Because the aragonite provides strength and the biopolymer provides flexibility, mother of pearl is incredibly flexible and crack-resistant—so much so that scientists at Princeton University’s Department of Civil and Environmental Engineering wondered whether this mollusc maneuver, honed by half a billion years of evolution, could bring similar benefits to human building materials. The results of their research were published in the journal earlier this month Advanced functional materials.

“This synergy between the hard and soft components is crucial for the remarkable mechanical properties of mother of pearl,” Shashank Gupta, co-author of the study and graduate student at Princeton, said in a press statement. “If we can engineer concrete to prevent the spread of cracks, we can make it stronger, safer and more durable.”

To achieve this lofty goal, Gupta’s team fabricated three types of multi-layer material beams, alternating cement paste sheets and a thin polymer layer. The first bar consisted of these two ingredients stacked on top of each other, but the other two bars were slightly different. The first had hexagonal grooves in the cement paste, while the second cut the cement completely, forming hexagonal plates or ‘tablets’. All three beams were compared to a cast cement paste reference beam (i.e. no polymer layers or hexagonal markings at all).

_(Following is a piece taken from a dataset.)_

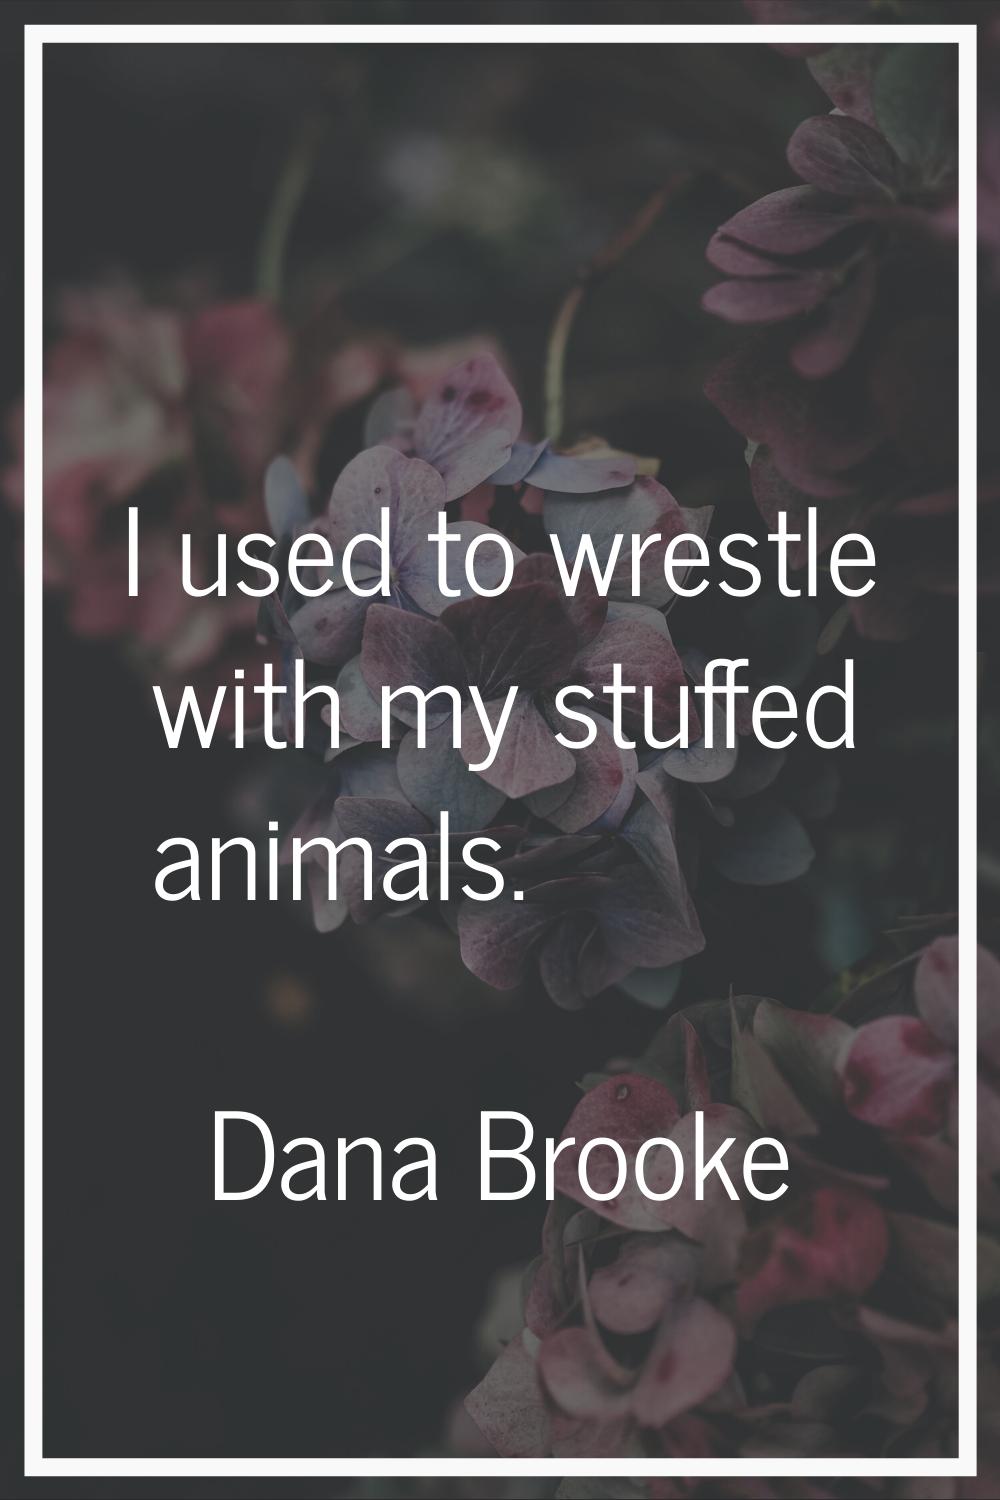 I used to wrestle with my stuffed animals.

The resulting experiments proved that although the reference beam was brittle with no ductility, all three beams showed significantly increased ductility. And toughness. However, according to the researchers, it was the multi-layered jet with pearlescent hexagonal plates that was most remarkable. By matching the mechanics of microscopic nacre, the beam yielded 17 times greater toughness and 19 times more ductility than the cast cement, while retaining the same strength as the reference beam.

“Our bio-inspired approach is not simply to mimic nature’s microstructure, but to learn from the underlying principles and use them to inform the engineering of man-made materials. One of the key mechanisms that make a mother-of-pearl shell sturdy is the sliding of the tablet at the nanometer level,” said Reza Moini, co-author of the study, in a press statement. “In other words, we deliberately engineer defects into the brittle materials to make them stronger by design.”

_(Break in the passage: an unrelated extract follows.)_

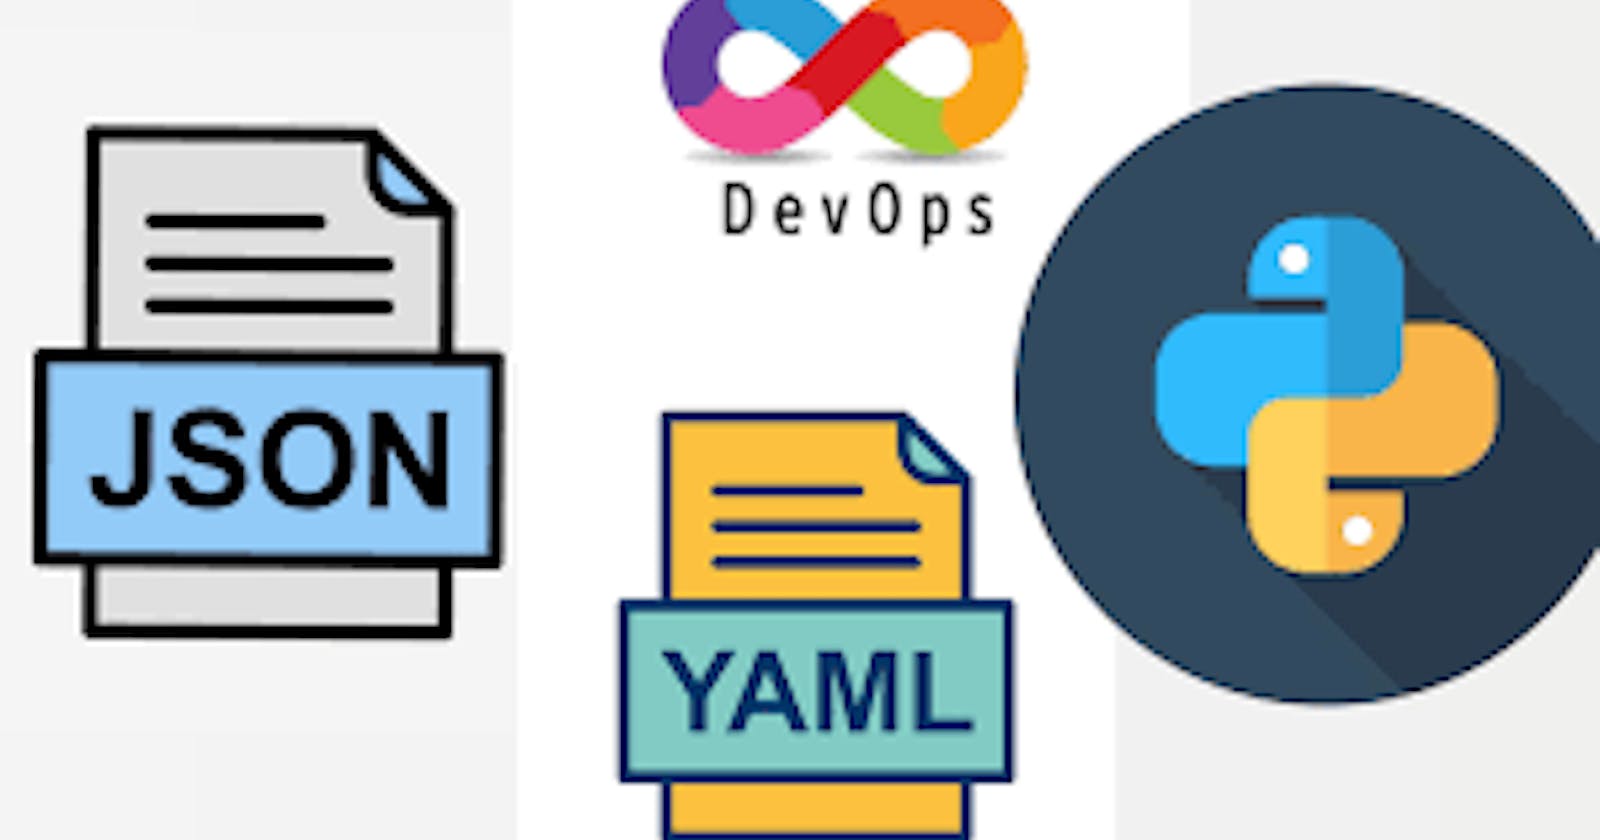 Python Libraries for DevOps, Reading JSON and YAML in Python

Stronger and safer cement would be a boon not only for construction, but also for the health of the planet, as cement production accounts for about 8 percent of global greenhouse gas emissions. But while the study shows promising results for these mother-of-pearl-inspired materials, this multi-layer, hexagonal-plated technique will need some more tweaking before construction companies start trading mortar for molluscs.